Les propos qu'il tient (sur les rapports hommes femmes au sein du couple ou sur l'avortement) avec un aplomb étonnant entrent frontalement en contradiction avec un certain nombre de valeurs dominantes aujourd'hui. L'art d'Orlando Arriagada est justement de ne pas les avoir commenter. Avaient-elles d'ailleurs vraiment besoin de l'être ? Je n'en suis vraiment pas sûr. En tout, elles suffisent à balayer l'accusation d'« infopublicité ». Ce point permet de toucher le cœur du problème : les personnages ne sont pas univoques. Il est certain que le spectateur aurait préféré voir des fanatiques auxquels il peut facilement ne pas s'identifier. Mais le spectateur est mal à l'aise, justement parce qu'il est difficile de ne pas éprouver une certaine sympathie pour les personnages, tout en étant choqué par certains propos tenus. Chaque humain est pétri de contradictions, personne n'est ni tout blanc ni tout noir.

Il est également reproché au réalisateur de ne pas « confronter les croyants ou de les mettre en opposition avec les discours franchement dérangeants tenus par nombre de leurs coreligionnaires dans l'espace public ». Mais dans quel but ? En quoi le croyant doit-il rendre compte de ce que font ou pensent ses coreligionnaires ?

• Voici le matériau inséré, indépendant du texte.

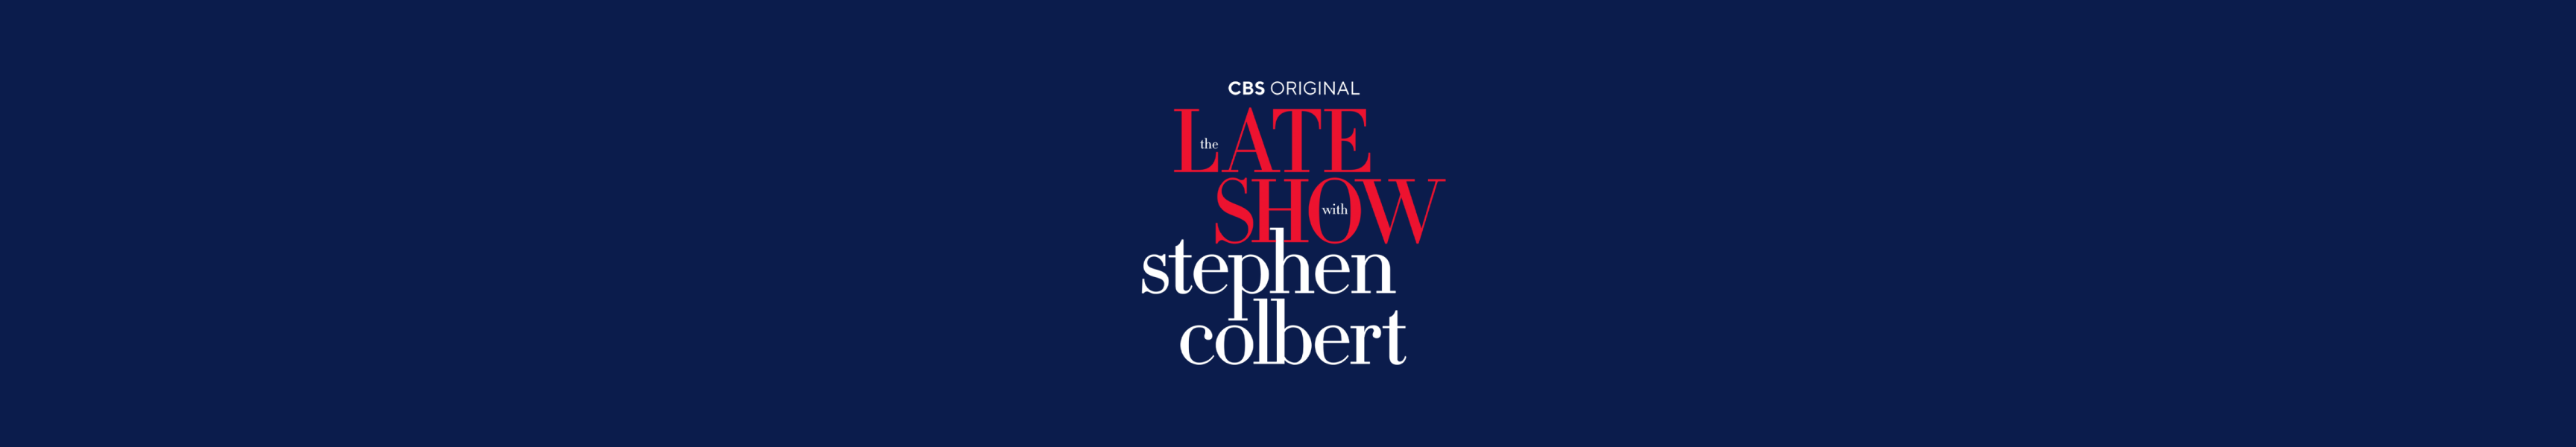 Late Show mit Stephen Colbert

Le dernier point que j'aborde concerne le regard critique. Dans les dernières lignes de son texte, Pierre-Luc Brisson sous-entend que le réalisateur souscrirait aux propos du pasteur qui déclare que «l'homme a été créé pour entrer en relation avec Dieu et ça, je le mesure depuis trente ans dans ma vie». Une fois de plus, cette dernière séquence coïncidence parfaitement avec le projet d' Orlando Arriagada : laisser parler les personnages et faire confiance au spectateur qui n'est pas forcément un imbécile, et qui est capable de réfléchir sans qu'un narrateur omniscient lui expliquer à quel point les propos du pasteur sont irrationnels.

Évidemment, le sujet est loin d'être épuisé, et des documentaires sur le rôle que certains groupes évangéliques occupent dans la vie politique, en particulier au niveau fédéral, ont toute leur place. De mon point de vue, Orlando Arriagada propose une œuvre riche et sa richesse repose précisément dans sa modestie. Il ne prétend pas tout dire, tout décrire, seulement montrer quelques « instantanés », témoigner d'un ordinaire qui est aussi une réalité du fait du religieux contemporain.